This is an excellent thought provoking post. Best practice may be your recommendation to build an ensemble of models using different random seeds, then use voting.

Reply
- Jason Brownlee October 5, 2016 at 8:24 am #
  
  Thanks Alan, I’m glad you found it useful.
  
  Reply
Rajesh October 7, 2016 at 4:48 am #

Really amazing blog it is a lot we can learn here, still we have to agree that handling data is always a tricky and mystery.

Reply
Wes Turner January 14, 2017 at 6:22 pm #

In addition to specific libraries’ function parameters like ‘seed’, Python, for example, reads 0 or a decimal value from the PYTHONHASHSEED environment variable.

From “Ten Simple Rules for Reproducible Computational Research” http://journals.plos.org/ploscompbiol/article?id=10.1371/journal.pcbi.1003285 :

> Rule 6: For Analyses That Include Randomness, Note Underlying Random Seeds

Are random seed(s) are just another parameter to optimize? (I tend to agree with your ensembling recommendation)

Reply
- Jason Brownlee January 15, 2017 at 5:28 am #
  
  Thanks Wes.
  
  Reply
Sophia August 2, 2017 at 12:53 pm #

Sometimes, the training results are all 0 and the error can’t convergence to a small value, showing a line vs the iterations. But if I train it again without any change, it has a reasonable good result. What’s the problem? And how can I avoide the failed training? Thank you. Really learn a lot from your post!

Reply
- Jason Brownlee August 3, 2017 at 6:43 am #
  
  Consider repeating the experiment multiple times and take the average result as a summary of model performance.
  
  For example, see this post:
  https://machinelearningmastery.com/evaluate-skill-deep-learning-models/
  
  Reply
Sharps September 14, 2017 at 9:06 am #

Hello Jason!
Thanks for you’re all posts/analysis/documentations/answers!!
I roam in NNs coming from sql dev and i see a new dimension now! 🙂

Reply
- Jason Brownlee September 15, 2017 at 12:09 pm #
  
  I’m glad they helped.
  
  Reply
Nil December 11, 2017 at 11:00 pm #

Hi, Dr. Jason,

Thank you, this post helped me so much, to handle with my uncertainty.

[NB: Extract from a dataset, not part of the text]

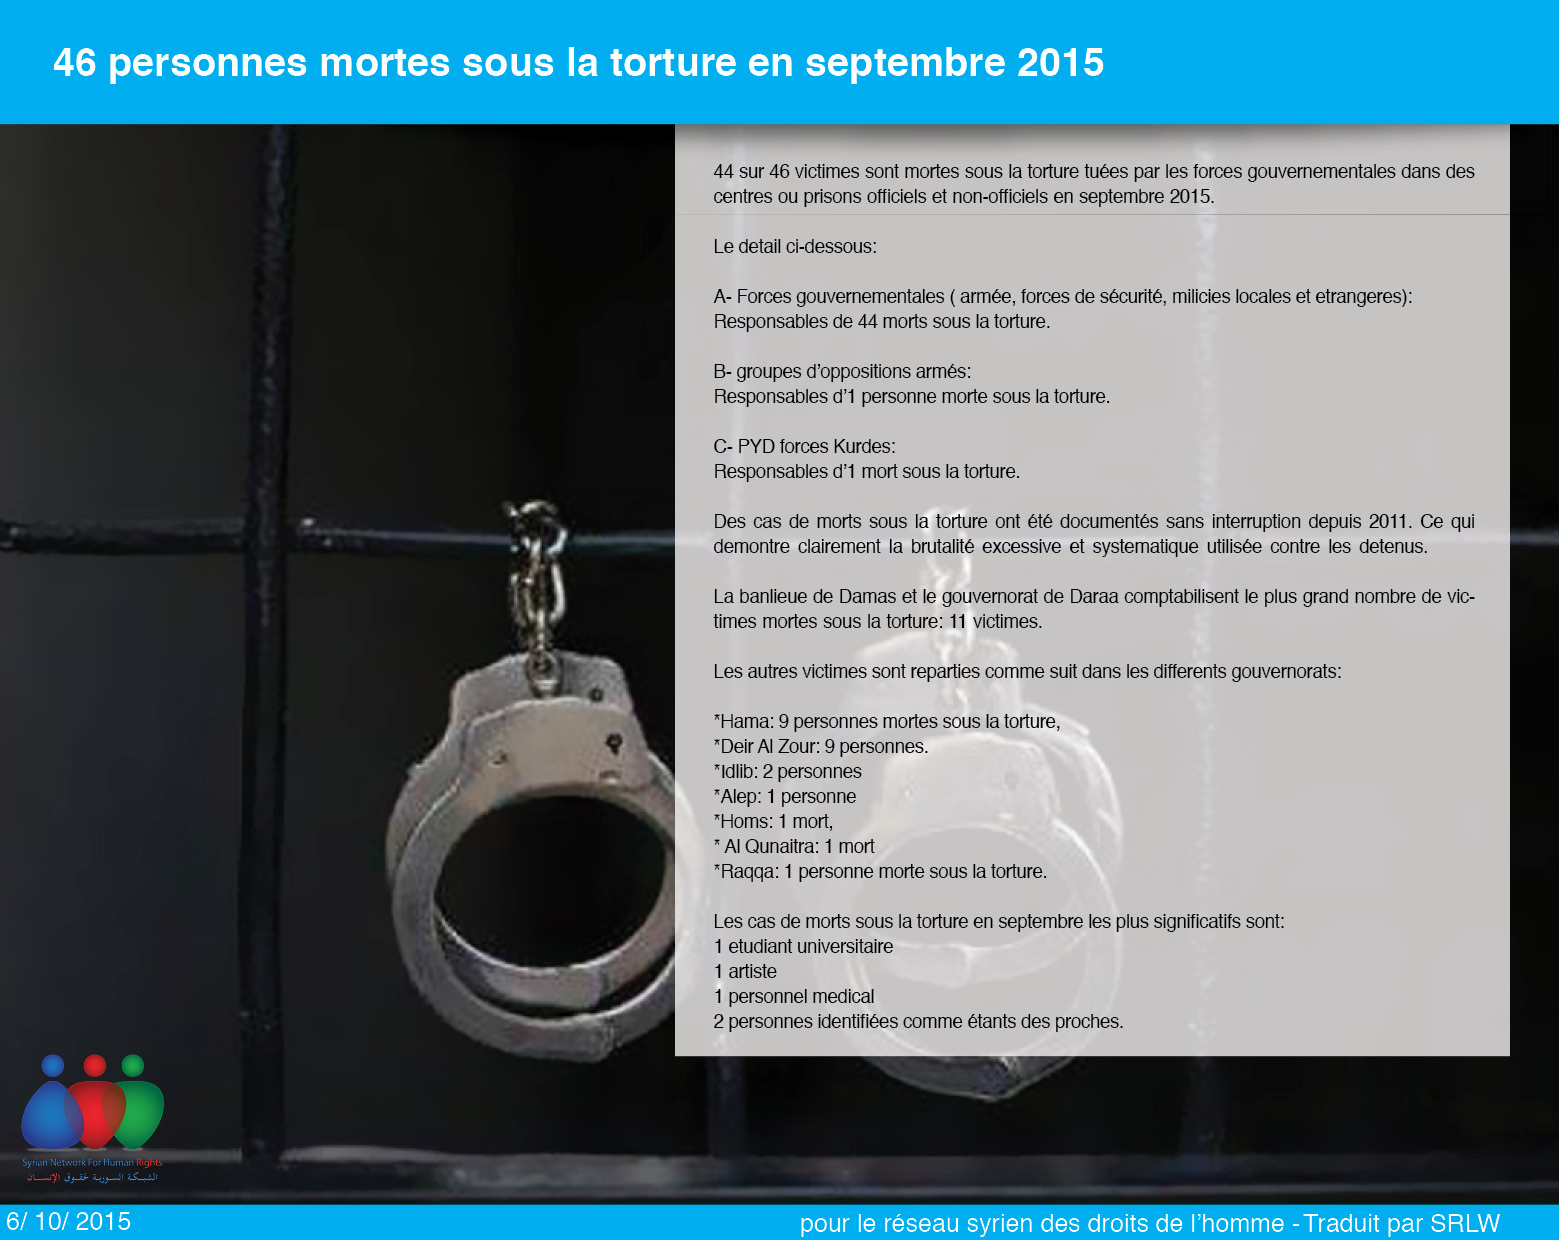 46 personnes mortes sous la torture en septembre 2015

Your posts a really good and helpfully.

Best Regards.

Reply
- Jason Brownlee December 12, 2017 at 5:33 am #
  
  I’m glad to hear that.
  
  Reply
Dinto January 2, 2018 at 10:40 am #

Do you suggest an ensemble of models also for prediction?

Reply
- Jason Brownlee January 2, 2018 at 3:59 pm #
  
  For sure.
  
  Reply
  - Varun February 7, 2018 at 11:47 pm #
    
    Hi Jason,
    
    Thanks for all your valuable information.
    
    I have a specific query related to the Neural Network and its implementation. In a typical setup, I try to tune parameters like :
    
    • Methodology (Feed Forward, back propagation) based on multiple decisive weights
    • Lag values
    • # of Nodes (Input , output , hidden )
    • # of Neural layers (Input, output, hidden)
    • Key Activation Function
    • # of Iterations based on above
    
    Again, my problem is that I need to forecast profit for ~50,000 customers and the input data (~3 years time series ) trend is mostly non-linear, sporadic with no specific seasonal pattern and trend. My query:
    
    1). How should I control the above parameters and train the model for all individual customers?
    
    2). I would have to run this model every month for all customers. Should I fix the neural network model once I have trained it and run the same model each month? The problem is that the input weights change in each run (I am doing it in SAS)
    
    3). Can I fix the other parameters (except weights,which I am unable to control) and send the model to production? I am really apprehensive of the fact that it could lead to high variance in each run month.
    
    Appreciate your reply!
    
    Regards,
    Varun
    
    Reply
    - Jason Brownlee February 8, 2018 at 8:27 am #
      
      That is a lot of questions. In general, I have advice for lifting model skill here:
      https://machinelearningmastery.com/improve-deep-learning-performance/
      
      Reply
      - Varun February 8, 2018 at 10:13 pm #
        
        Hi Jason,
        
        Okay. I’ll narrow it down.How do I batch process this algorithm for 50k customers? I cannot have 1 model for entire base as the underlying pattern (Customer wise) is very different.
        
        Again, your reply would be crucial for me in deciding the strategy around improving the performance as mentioned in the above link.
        
        Thanks a lot!
        
        Regards,
        Varun
      - Jason Brownlee February 9, 2018 at 9:08 am #
        
        There are many ways to model your problem.
        
        You could have one model per customer, one for groups of customers or one for all customers, or all 3 ensembled togehter. I recommend testing a few approaches and see what works best for your specific data.
Varun February 9, 2018 at 6:15 pm #

Yep. Started. Will take time but I’ll let you know how it panned out.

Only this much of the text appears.